By STEPHEN GROVES Associated Press
PIERRE, S.D. (AP) South Dakota Senate Republicans gave hearty support on Monday to Gov. Kristi Noem’s proposal to allow employees to gain exemptions from their employer’s COVID-19 vaccine mandates, passing it with the two-thirds majority required if it is to be enacted immediately.
The bill drew just four “nay” votes in the 35-member Senate, sending it to the House. The proposal would allow employees to receive an exemption to their employer’s vaccine requirement by citing either a medical exemption certified by a medical professional, any religious grounds for refusal or a test showing antibodies against COVID-19 in the last six months.
Noem is pushing for the bill to get two-thirds support from both chambers so that it can be enacted immediately.
The Republican governor has carved out a reputation nationwide among conservatives for taking a hands-off approach to the virus. But even Noem has seemingly changed her position on the issue of vaccine mandate exemptions in the last year.
In August, she said in a Twitter video that employers should at least allow religious exemptions from mandates, but added that “I don’t have the authority as governor to tell them what to do.”
“It is not conservative to grow government and to tell businesses what to do and how to treat their employees,” Noem said at the time.
However, she has become a powerful proponent of the mandate exemption proposal in this year’s legislative session and argued that her current proposal squares with her hands-off governing philosophy. Her office has cast it as a middle ground between health experts urging vaccines and those opposed to mandates altogether.
As senators debated Noem’s proposal, several raised questions about how a religious exemption can be defined. The bill requires employees to sign on to a 30-word statement that they object to getting COVID-19 shots on religious grounds, but stipulates that those can’t be “social, political, or economic philosophies or mere preference.”

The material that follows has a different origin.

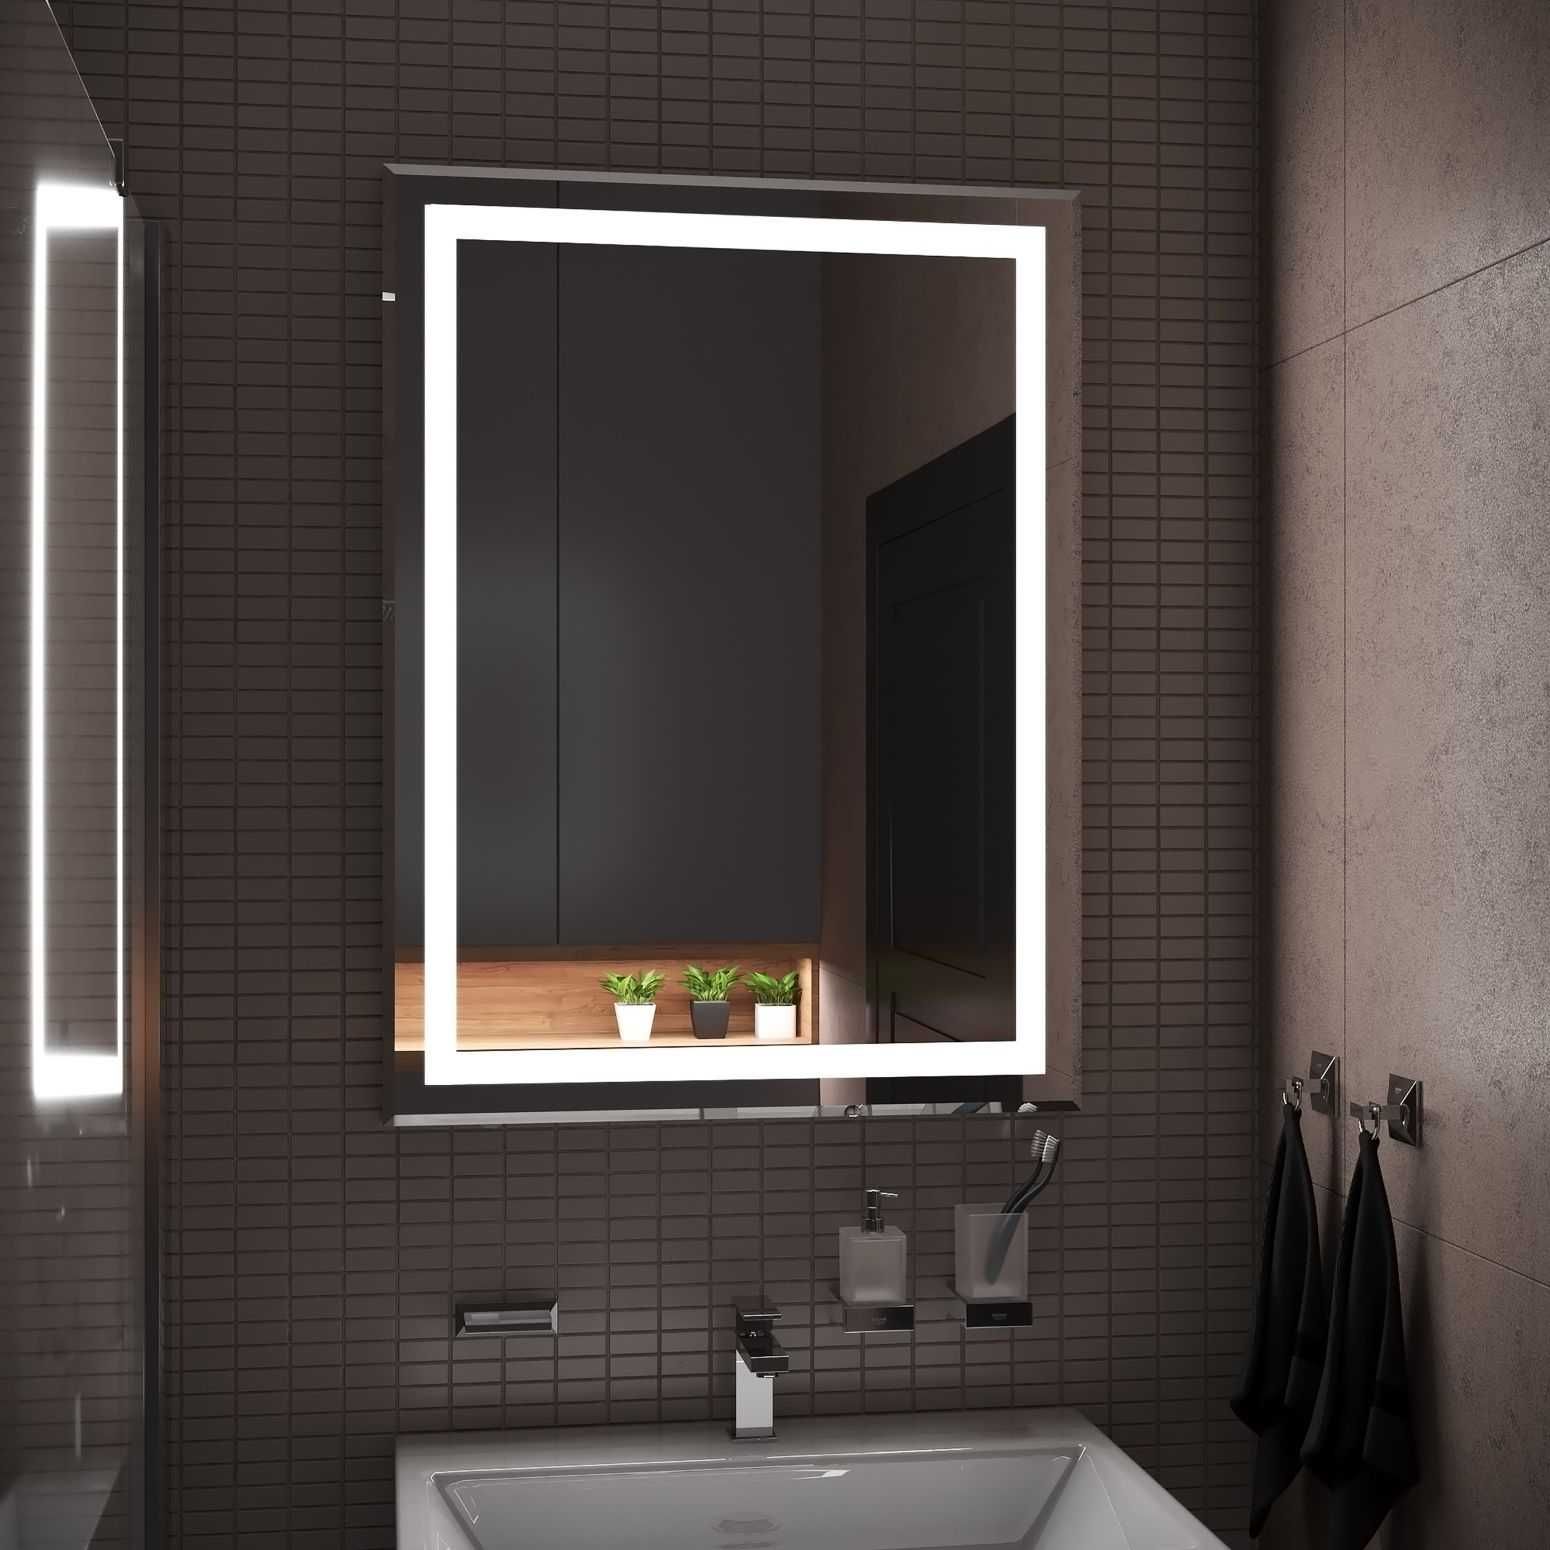 лед зеркало ванной комнаты, зеркало для санузла, зеркало с подсветкой,

President Joe Biden’s administration pushed last year to boost the nation’s COVID-19 vaccination rate and slow the spread of the coronavirus through mandates for employment. But the U.S. Supreme Court has stopped that effort.
However, Biden’s requirement for millions of health care workers, issued through Medicare and Medicaid providers, has remained. Noem’s proposal also carves out an exemption for those health care providers, as well as National Guard troops.
Republican Sen. Erin Tobin, a certified nurse practitioner, argued for the exemptions and called vaccine requirements “politically charged.”
“With the latest variant, it’s going to spread and really the immunization is your choice,” she said.
Democrats, who hold just three seats in the Senate, offered opposition by arguing it undercuts efforts from both public health experts and businesses to get employees’ vaccinated.
“Freedom from the virus, I think, is important,” Democratic Sen. Reynold Nesiba said.
The proposal comes as South Dakota’s rate of 59% of people fully vaccinated lags behind the nationwide rate of 64%. The state Department of Health reported 259 people hospitalized with COVID-19 Monday, marking a decline from last month when the number topped 400 — the highest rate in over a year.
Meanwhile, the House on Monday passed a bill to demand that medical practitioners may prescribe ivermectin, an unproven treatment for COVID-19. The drug, which is usually used for parasites, has been promoted by conservative commentators as a treatment despite a lack of conclusive evidence that it helps people with the virus.
Federal health officials saw a surge in prescriptions for the drug last year, accompanied by worrying increases in reported overdoses.